Enforce documentation and receipts
Configure settings so that:
- Cardholders must attach receipts above your threshold.
- Users must add memos or tags explaining the expense (e.g., campaign name, client, or project).
This keeps your financial data clean and speeds up month-end close.
Governance, security, and compliance considerations
Ramp virtual card creation for teams and departments should always be paired with strong governance.
Role-based access control
- Restrict who can create new cards to admins and designated managers.
- Limit who can view full card numbers.
- Use granular permissions so department leads can manage their own cards without seeing sensitive information for other teams.
Merchant and category controls
- Block high-risk merchant categories (e.g., certain cash-like transactions).
- Limit certain cards to specific vendors or categories (e.g., a card only for ad platforms).
- Use rules to flag or auto-deny transactions that violate your policy.
Audit trails and approval logs
Ramp typically records:
- Who created each card.
- When limits or policies were changed.
- Which approvals were granted and by whom.
These logs support internal audits, compliance requirements, and financial reviews.
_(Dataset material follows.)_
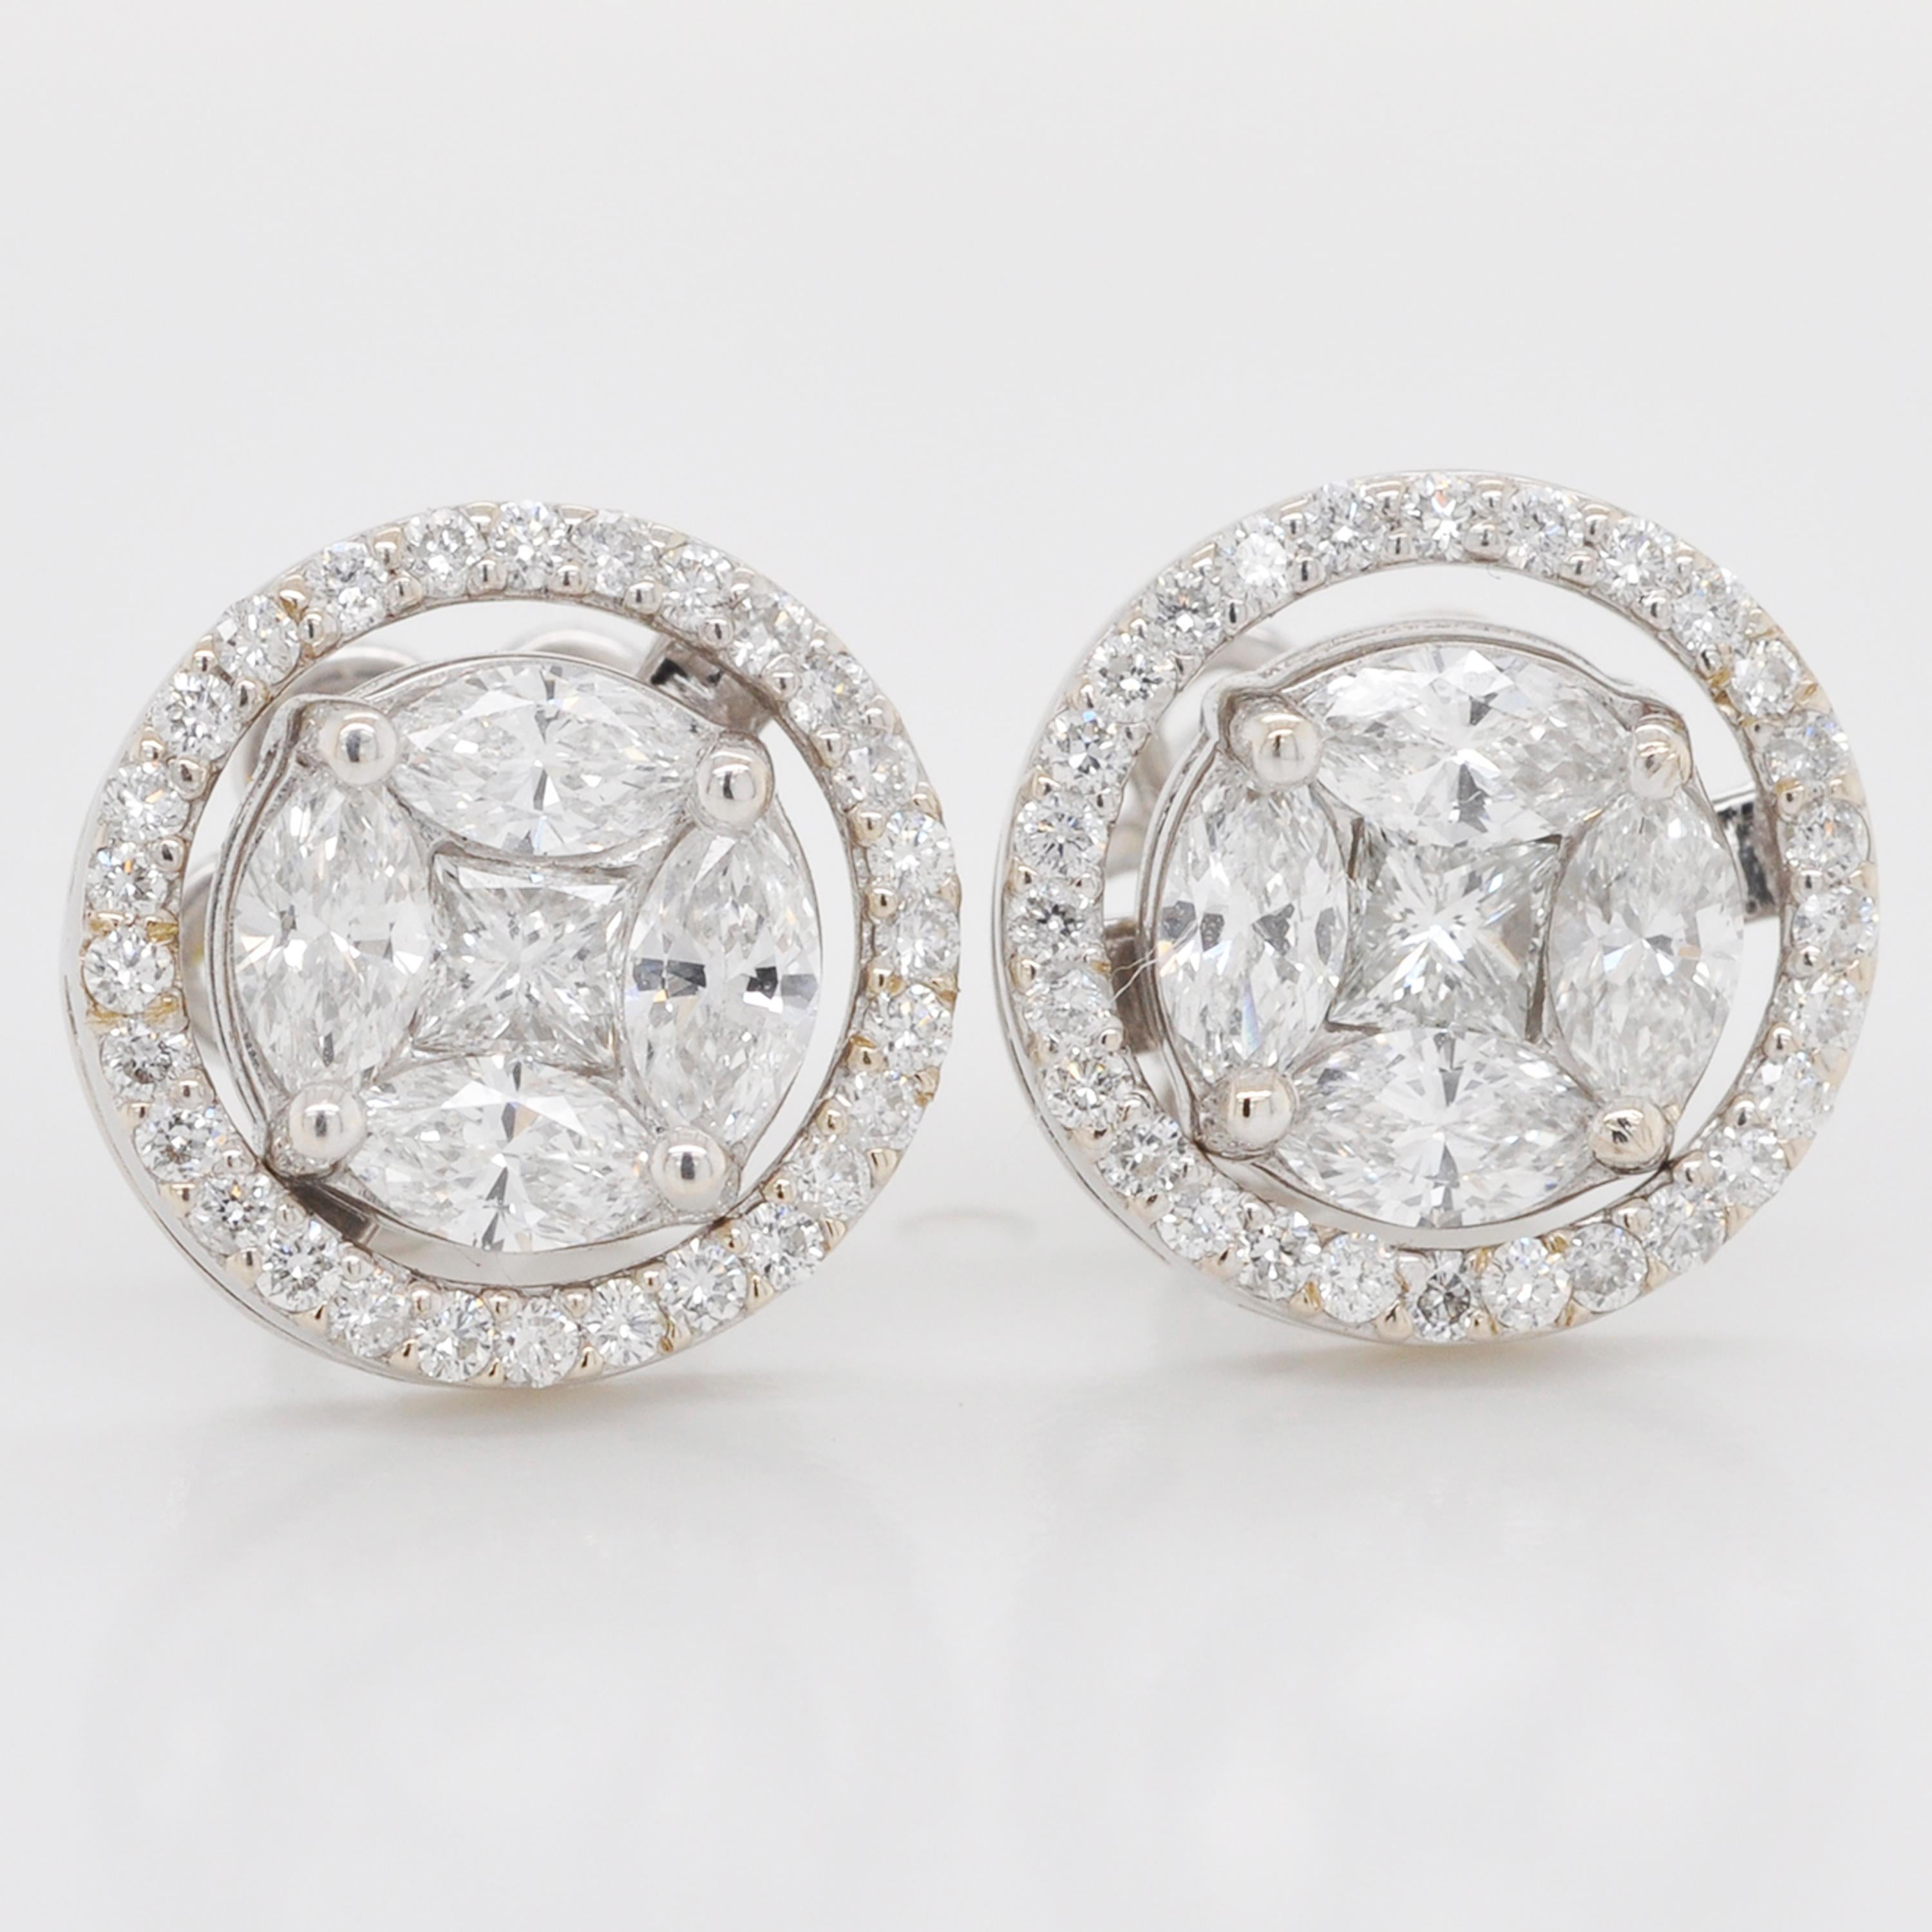 Detachable Solitaire Look Pressure Set Diamond Stud Earrings 18 Karat White Gold In New Condition For Sale In Jaipur, Rajasthan

Onboarding teams to use Ramp virtual cards effectively
Rolling out a virtual card program works best when teams understand how and why to use it.
Train managers and budget owners
Ensure department heads know:
- How to request, view, and manage virtual cards.
- How limits and approvals work.
- Their responsibility for reviewing transactions and enforcing policy.
Provide simple employee guidelines
Share a short guide covering:
- When to use a team or department card vs. an individual card.
- How to handle receipts and memos.
- What to do if a transaction is declined or a new vendor is needed.
Communicate channels for support
Make it clear where users go with questions:
- Internal finance or operations contact.
- Help center or documentation.
- A dedicated Slack/Teams channel for Ramp-related issues.
Measuring the impact of team-based virtual cards
To evaluate how effective your Ramp virtual card strategy is, track metrics like:
- Number of reimbursements vs. pre-Ramp baseline.
- Budget variance by department before and after card-based budgets.
- Subscription sprawl (count and cost of active SaaS tools) and how it changes.
- Policy compliance rates (e.g., missing receipts, out-of-policy transactions).
- Time to close the books each month.
Improvement in these areas usually indicates that your Ramp virtual card creation strategy for teams and departments is working.
Summary
Ramp virtual card creation for teams and departments lets you:
- Instantly issue controlled spend access to the right people.
- Align cards directly with budgets, projects, and departments.
- Enforce policies in real time instead of after the fact.
- Gain granular visibility into where every dollar goes.
By structuring your account, approvals, and naming conventions thoughtfully—and by issuing virtual cards tailored to specific team needs—you can turn your card program into a powerful, scalable tool for spend management across the entire organization.